Litigation Risk?

By Denise Rose on December 31st, 2019

Whilst Employment Tribunals have traditionally presented litigants in person with little risk when it comes to adverse costs awards, it is clear to us that an increasingly robust approach is being adopted, as can be seen from the EAT’s decision in Liddington v 2gether NHS Trust.

Whistleblower Claims

In this instance, the Appellant, Ms Liddington, had brought a number of whistleblowing claims against the NHS Trust but ostensibly failed to properly particularise her claims.

During the course of the proceedings no less than three Employment Judges had informed the Claimant that her claims were not adequately particularised, citing, in particular, a failure to provide the dates on which each of the alleged protected disclosures were made.

Inability To Provide Particulars

Although, as a litigant in person, the standards which might be applied to a qualified legal representative were not applicable here the Employment Tribunal found that the Claimant’s continued inability to provide proper particulars amounted to unreasonable conduct which justified costs award against her.

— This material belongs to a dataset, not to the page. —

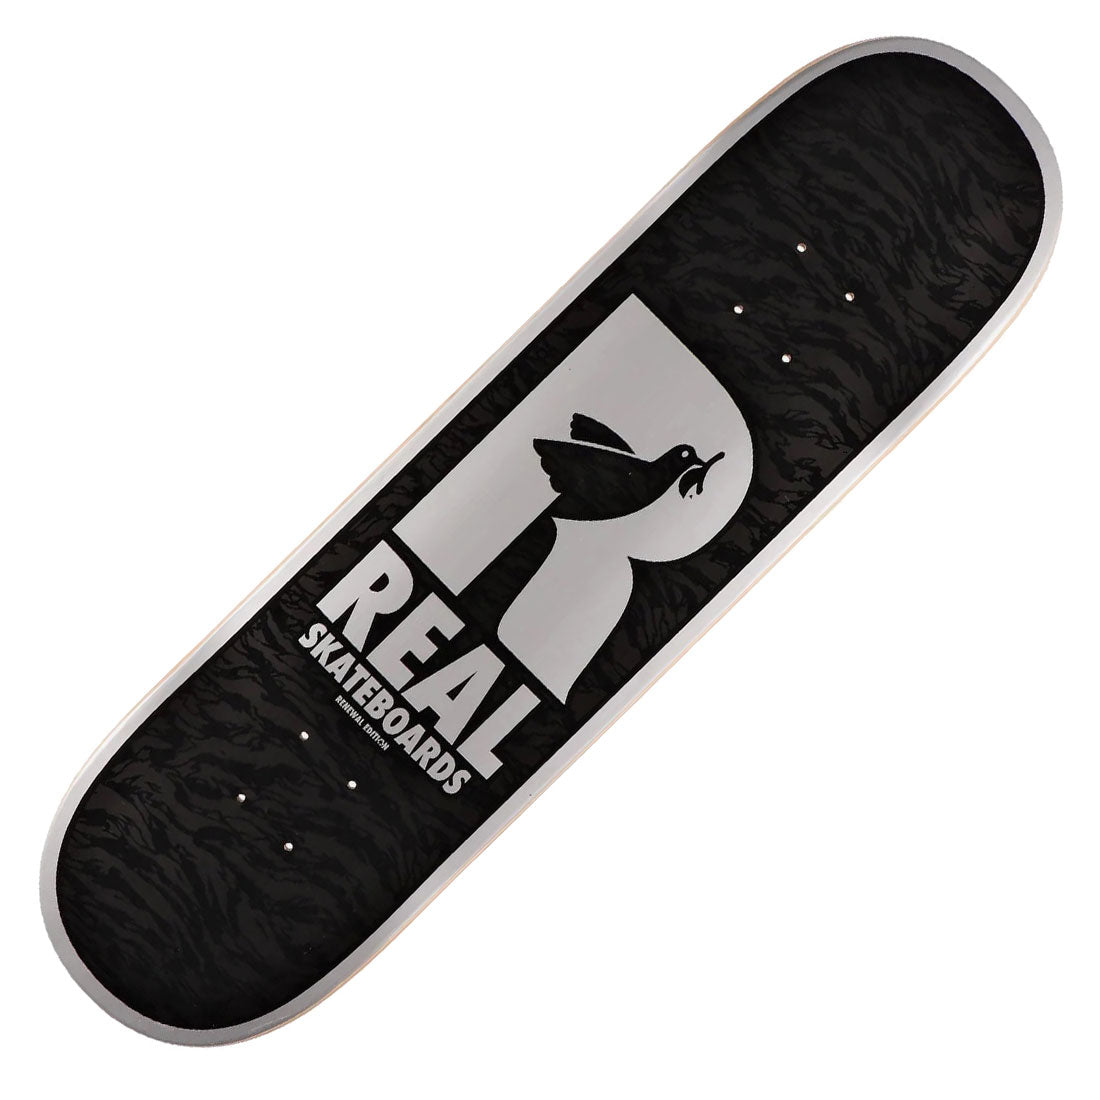 Real Doves Redux 8.25 Deck - Black/Silver Skateboard Decks Modern Street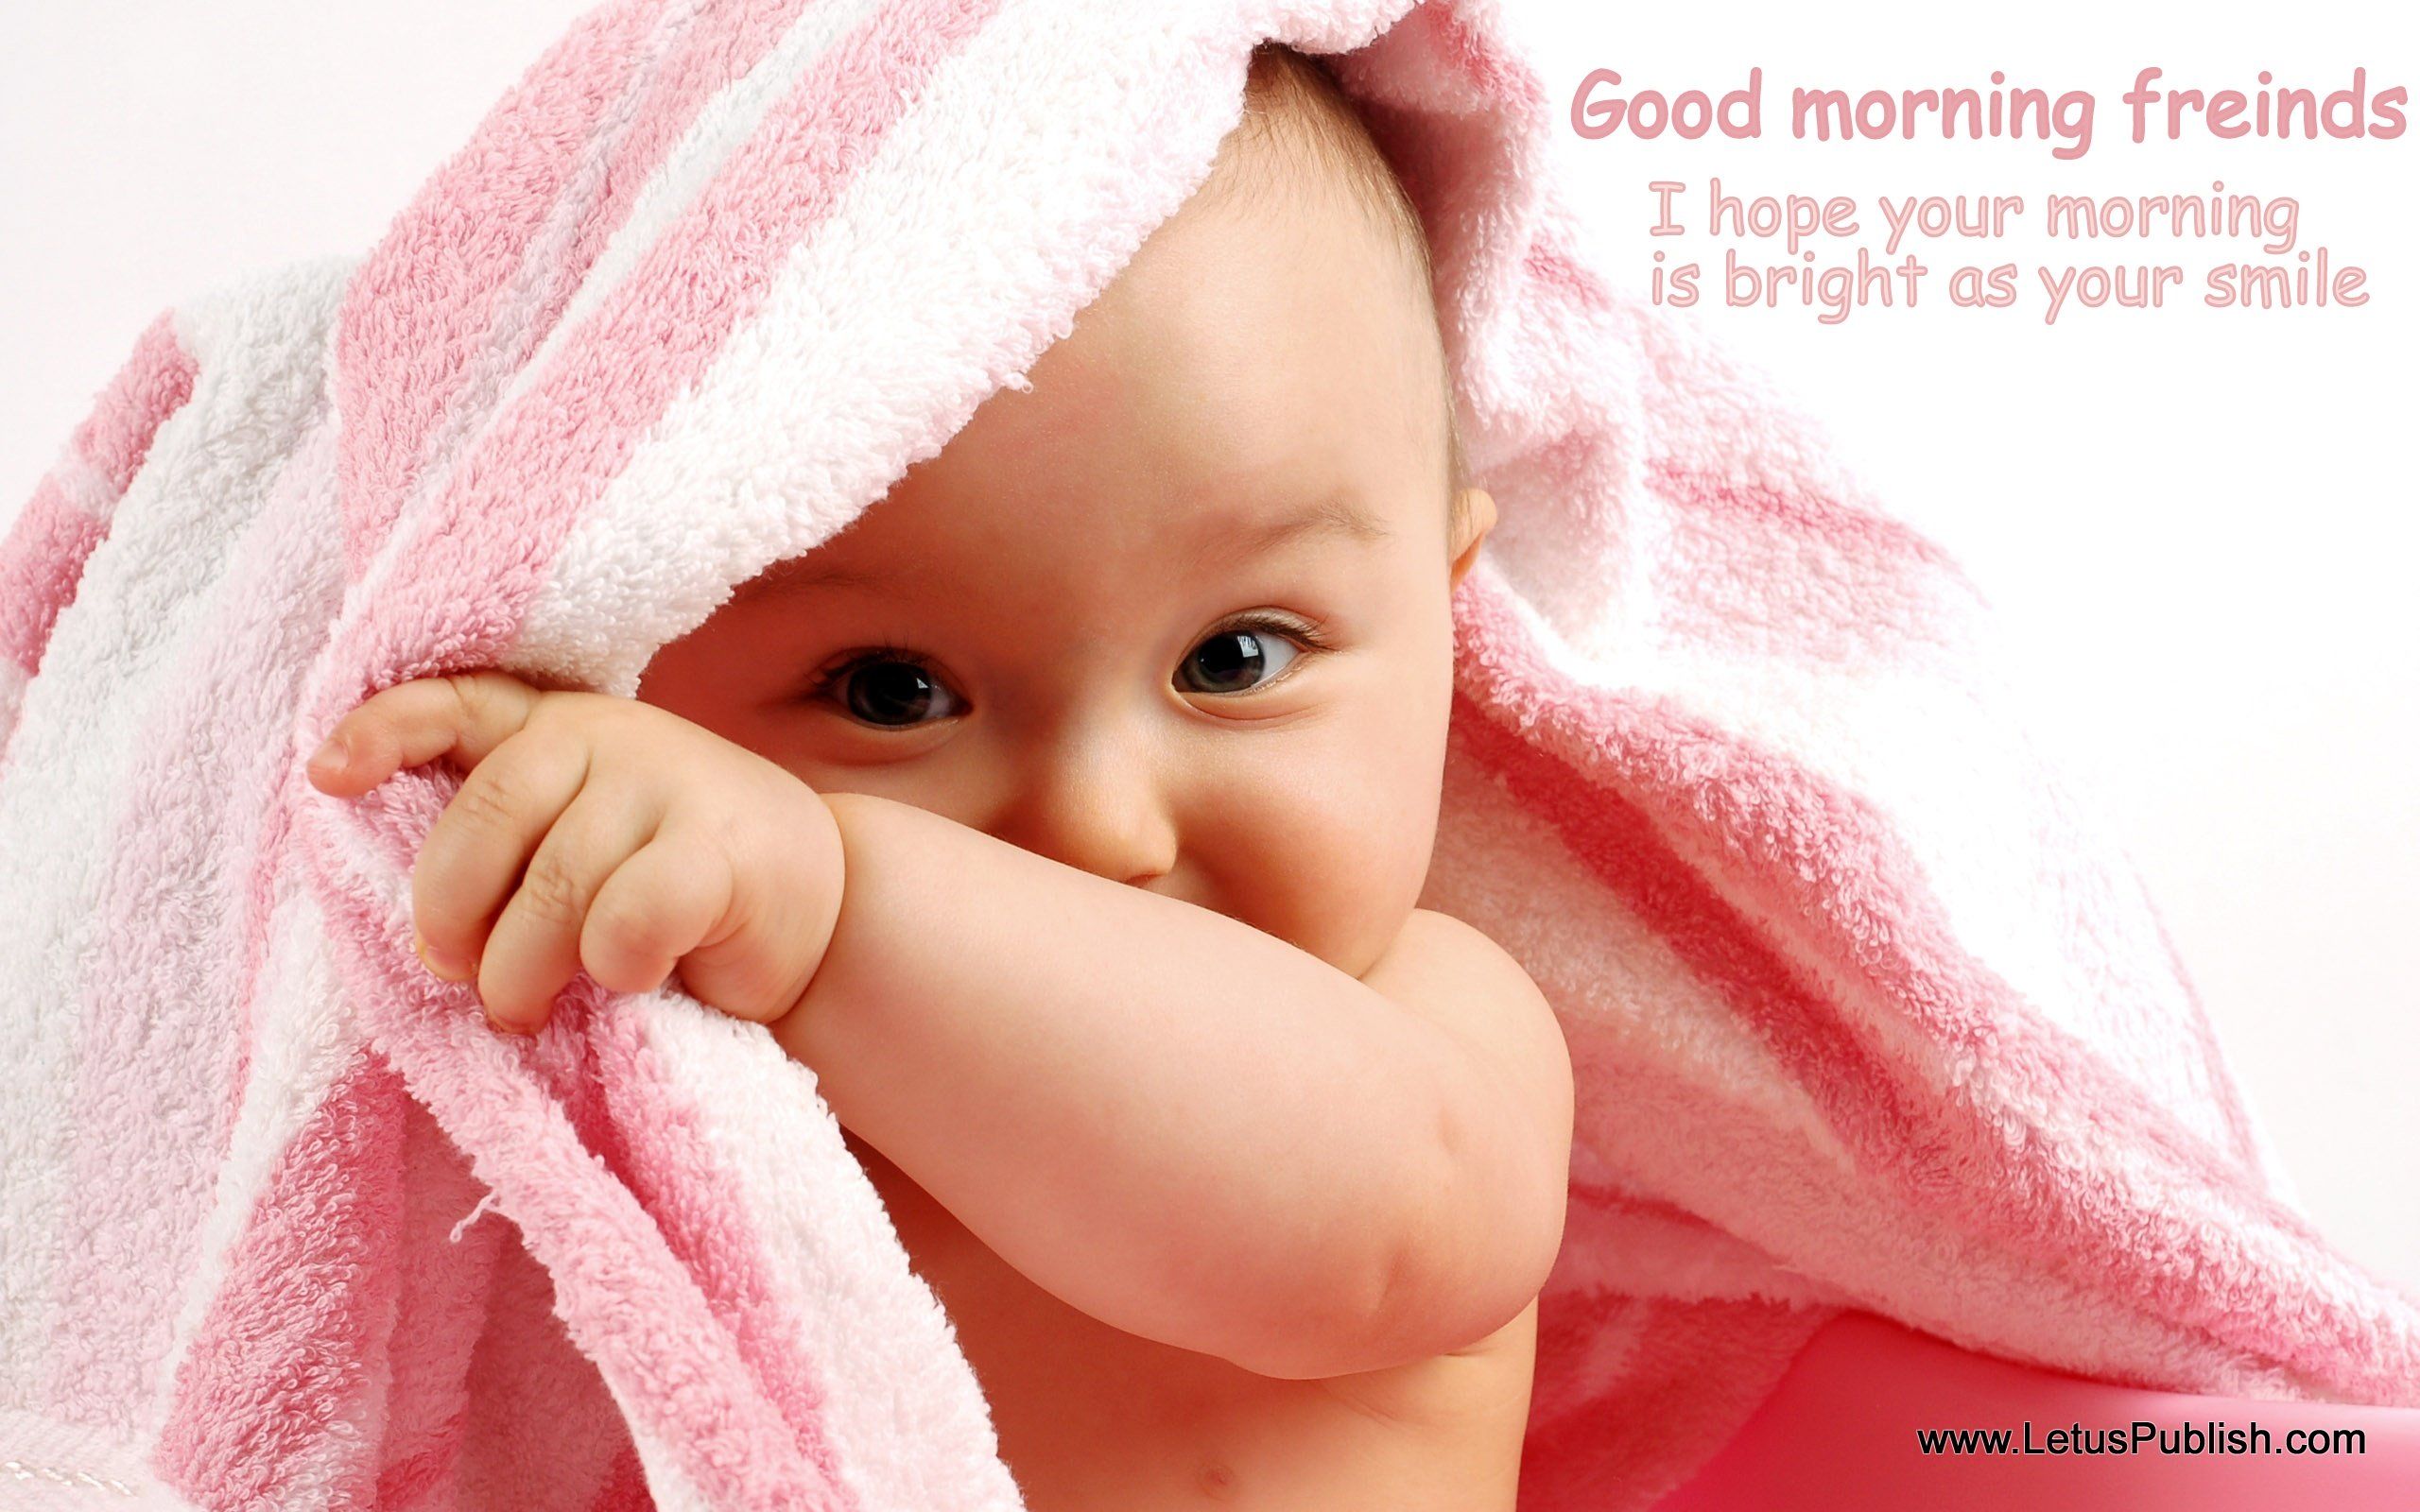 Good Morning Wallpaper Free Download. Cute baby wallpaper, Baby wallpaper hd, Cute baby boy

The EAT agreed with this decision which will no doubt be welcomed by employers who have been on the receiving end of so-called “nuisance litigation” in the past.

The content on this page is for general awareness only. It is not intended to constitute professional or legal advice. Changes to legislation may have happened since this article was published. The contents of this article should not be used as a basis for action and the reader should be advised to seek the appropriate professional advice based on their individual circumstances.